Scan text for unique characters (for Chinese, Japanese, Korean fonts)

Pkeod · April 26, 2020, 6:00am

What do people use to build a unique character list for fonts? I need to be able to scan all files in a folder / subfolders and build a list of unique characters to be included in fonts to minimize total download size.

@Ivan_Lytkin I think you said once but it was in slack and the history is gone for it. I think it was a python script?

I have .json files and .txt files in various folders. It needs to be able to work with Chinese characters.

Here is one for Unity / textmeshpro

totebo · April 26, 2020, 9:30am

I actually wrote a small Lua tool for this. The language data is read from a .csv file exported from Google Docs, then all languages are parsed and a string is spat out.

Pkeod · April 26, 2020, 11:15am

Share?

I might need to write something custom which runs when doing builds, scans the locale folders, inserts current characters into language appropriate font character lists. Maybe a good editor script candidate.

Dragosha · April 26, 2020, 11:20am

the same.
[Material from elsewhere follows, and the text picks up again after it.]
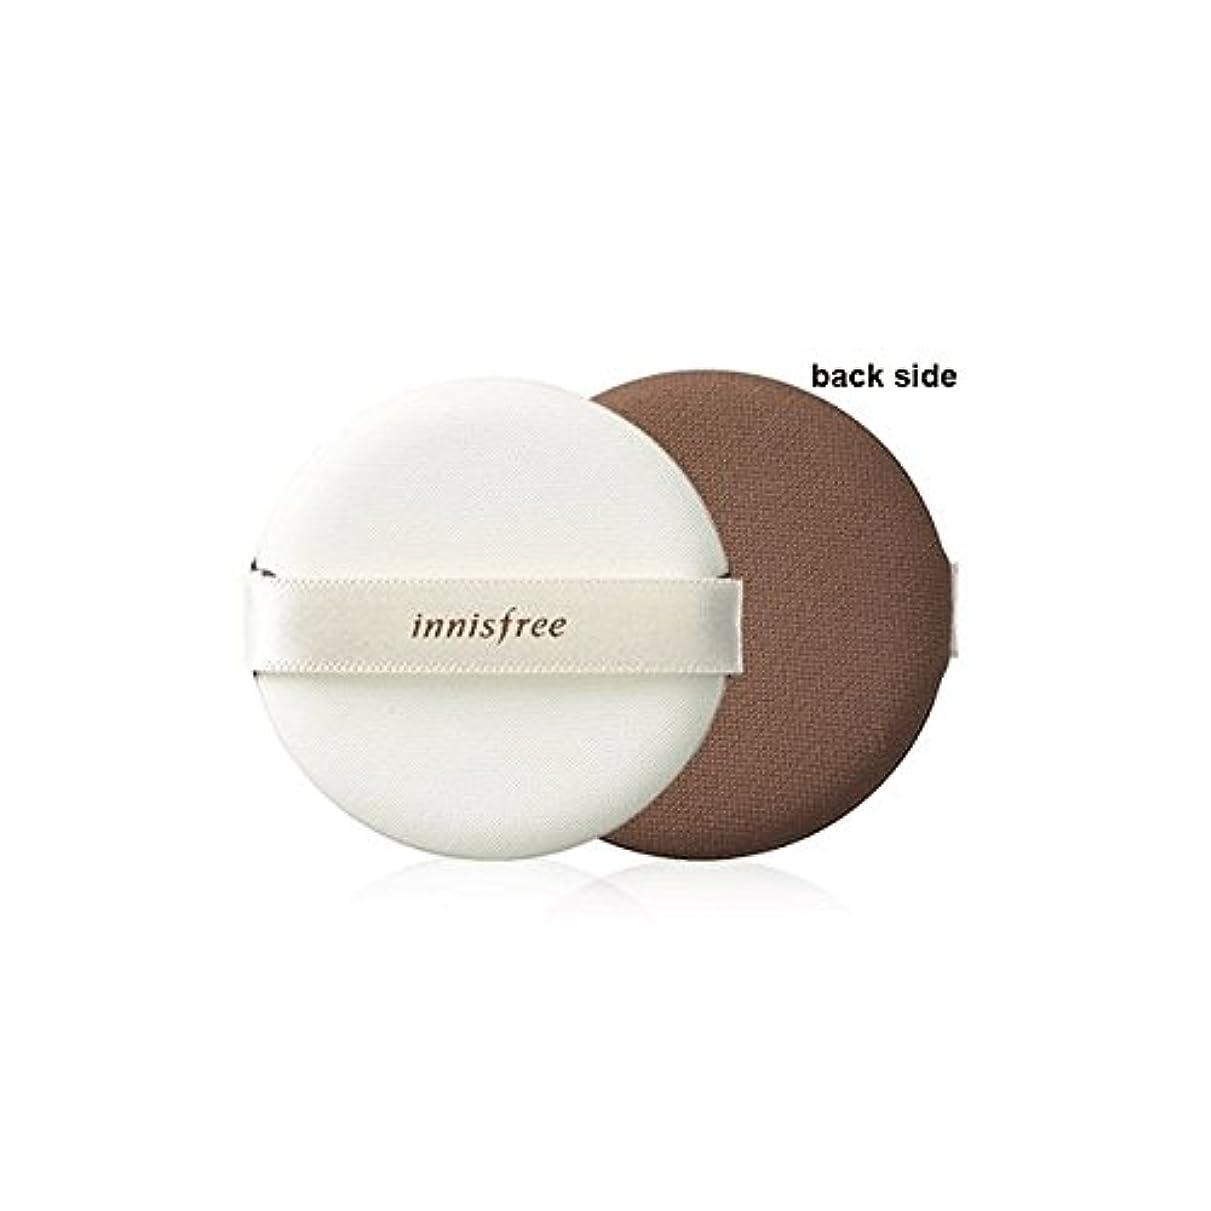 レンダースラック逆説[イニスプリー] Innisfree エアマジックパフ-密着 [Innisfree] Eco Beauty Tool Air Magic Puff-Fitting [海外直送品]

Just lua script in game, run them after texts update and copy print from console to font settings manually.

local utf8 = require "helper.utf8"

-----------------
local function uniqueSymbols(mytexttable)
    local unique={}
    local extra_characters=""
    for k,v in pairs(mytexttable) do
        if v then
            utf8.gsub(v,".", function(c)
            if  not unique[c] then
                unique[c]=1
                extra_characters=extra_characters..c
            else
                unique[c]=unique[c]+1
            end
            end)
        end
    end
    print(extra_characters)
end

totebo · April 26, 2020, 11:24am

That looks very similar to what I’m using!

Pkeod · April 26, 2020, 11:26am

I think for the text / fonts, I will write an editor script which takes a config file of languages and fonts and scans the locale folders then inserts the needed character lists into the fonts along with extra chars always added, that would probably be easy and clean so we don’t need to worry about it it’s always scanned every bundle. We have a game translated to Chinese and it’s a ton of characters and lots of fonts, very messy to copy and paste and keep track of.

Ivan_Lytkin · April 26, 2020, 9:18pm

I use this https://github.com/abadonna/unique-chars

roccosaienz · July 18, 2021, 3:51pm

Hi!

I would like to use this script for extracting unique character from the japanese text.

I have a (very) stupid question. How to “install” the utf8 package this code is using? If possible please be really basic, I am a very noob about this… I am using a mac.

Thanks for any help!

Dragosha · July 18, 2021, 4:40pm

Сhoose any:

NativeExtension:

or just place this file into your project: luv/utf8.lua at master · artemshein/luv · GitHub

roccosaienz · July 18, 2021, 5:40pm

Thanks! I have placed the pure lua implementation in my project.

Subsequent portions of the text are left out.